You know the area on your dock where the stacks folders go? Just drag it there.


----------



## masterofthebass (Mar 14, 2011)

First off, its not called a widget. A widget is something that goes on your dashboard, which isn't going to happen with CCT. I think Mads at some point "appified" CCT for mac, giving you the solution you want. There's no other way to obtain the result you want.


----------



## THATguyWHOcubes (Mar 14, 2011)

ok thx people! i already did the thing where you minimize it into the stack folders, but when i shut down it was gone! so i got it out of applications and did more averages but whatever. Ill look for the mac version. psst master of the bass! i play bass and guitar


----------



## Lucas Garron (Mar 14, 2011)

THATguyWHOcubes said:


> ok thx people! i already did the thing where you minimize it into the stack folders, but when i shut down it was gone! so i got it out of applications and did more averages but whatever.
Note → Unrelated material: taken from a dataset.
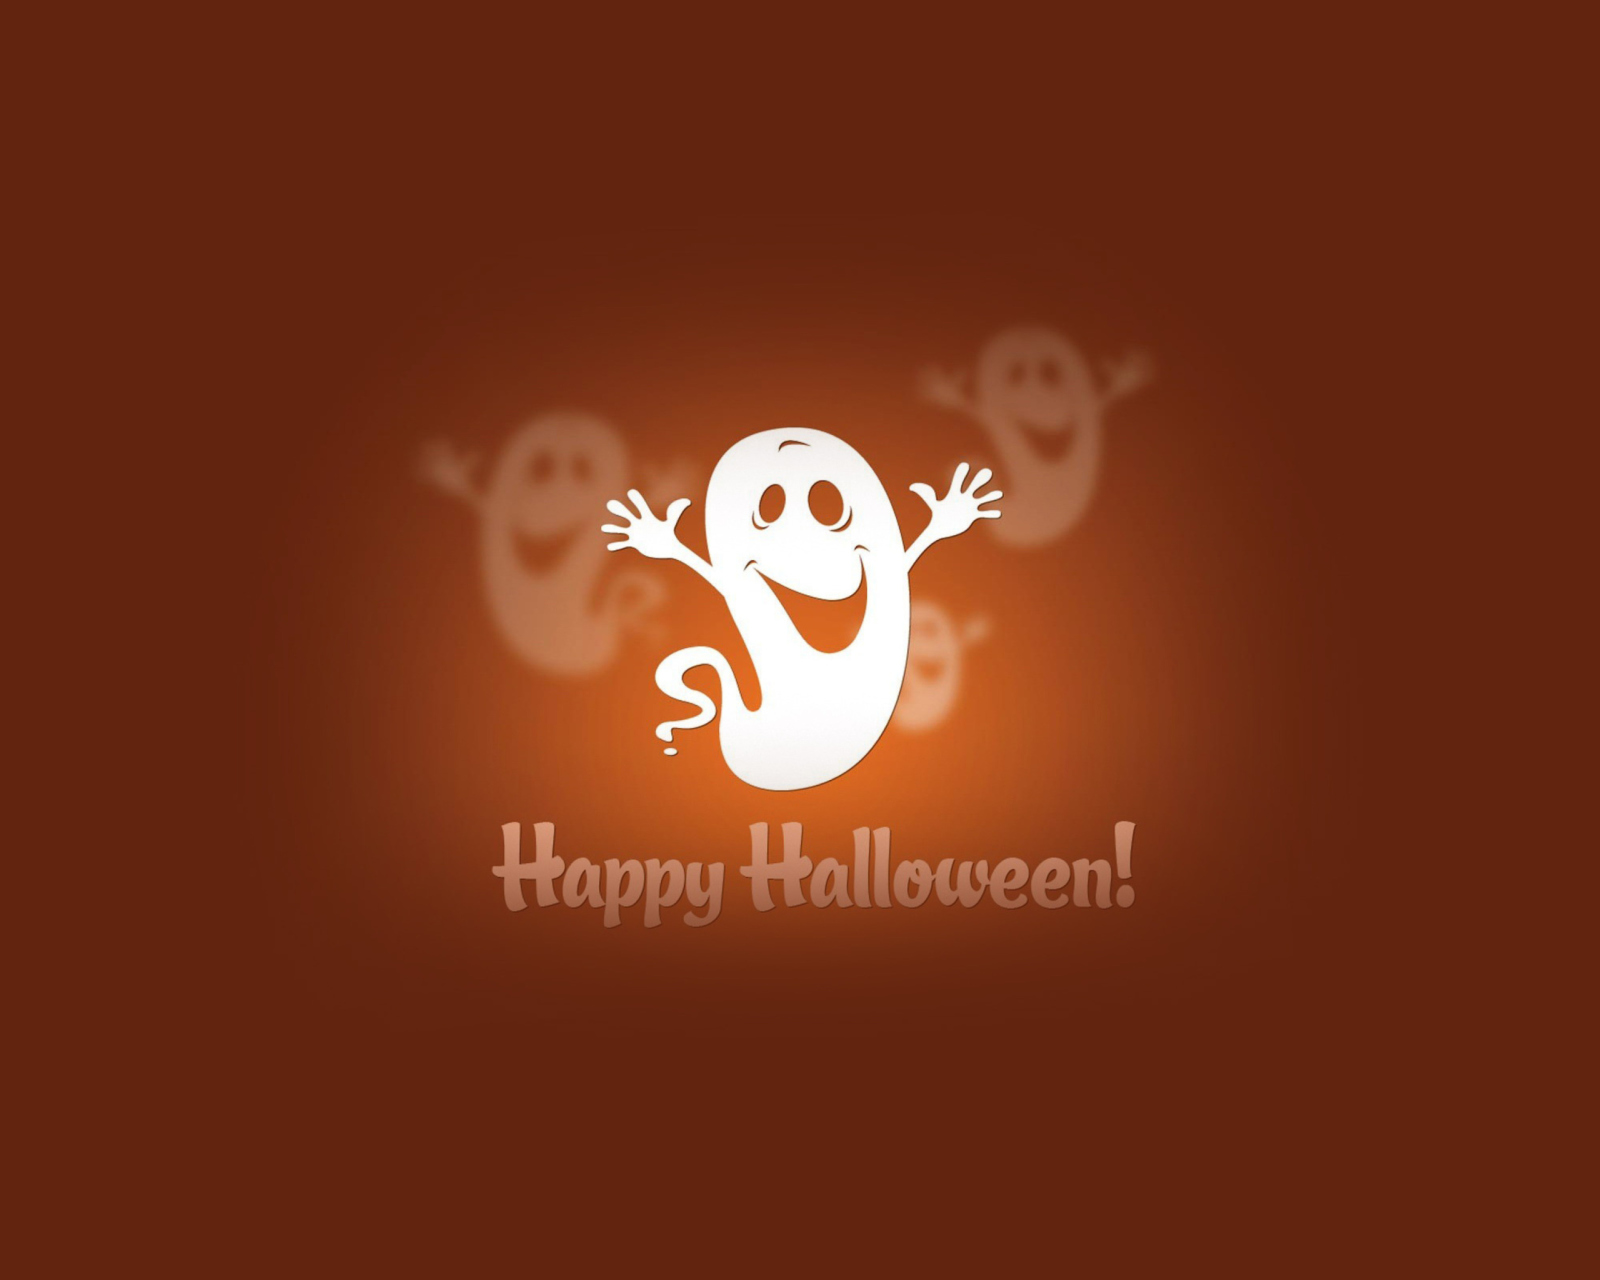 Happy Halloween wallpaper 1600x1280

Ill look for the mac version. psst master of the bass! i play bass and guitar


Well, there's your problem. Don't minimize; drag the jar file to the dock.

Also, I know PPT has been "appified," but I'm not aware of such a version for CCT.


----------



## masterofthebass (Mar 14, 2011)

Lucas Garron said:


> Also, I know PPT has been "appified," but I'm not aware of such a version for CCT.


 
o, my bad. I knew PPT was, but I thought that CCT was done also. o well


----------



## professoralpha7 (Apr 22, 2011)

when you are using it , it should show up in your dock. just drag it to another point on the dock and drop it. when you close the program, the icon should stay.


----------



## Lucas Garron (Apr 22, 2011)

professoralpha7 said:


> when you are using it , it should show up in your dock. just drag it to another point on the dock and drop it. when you close the program, the icon should stay.


"Should"? Have you actually tried it? (Hint: It doesn't work.)


----------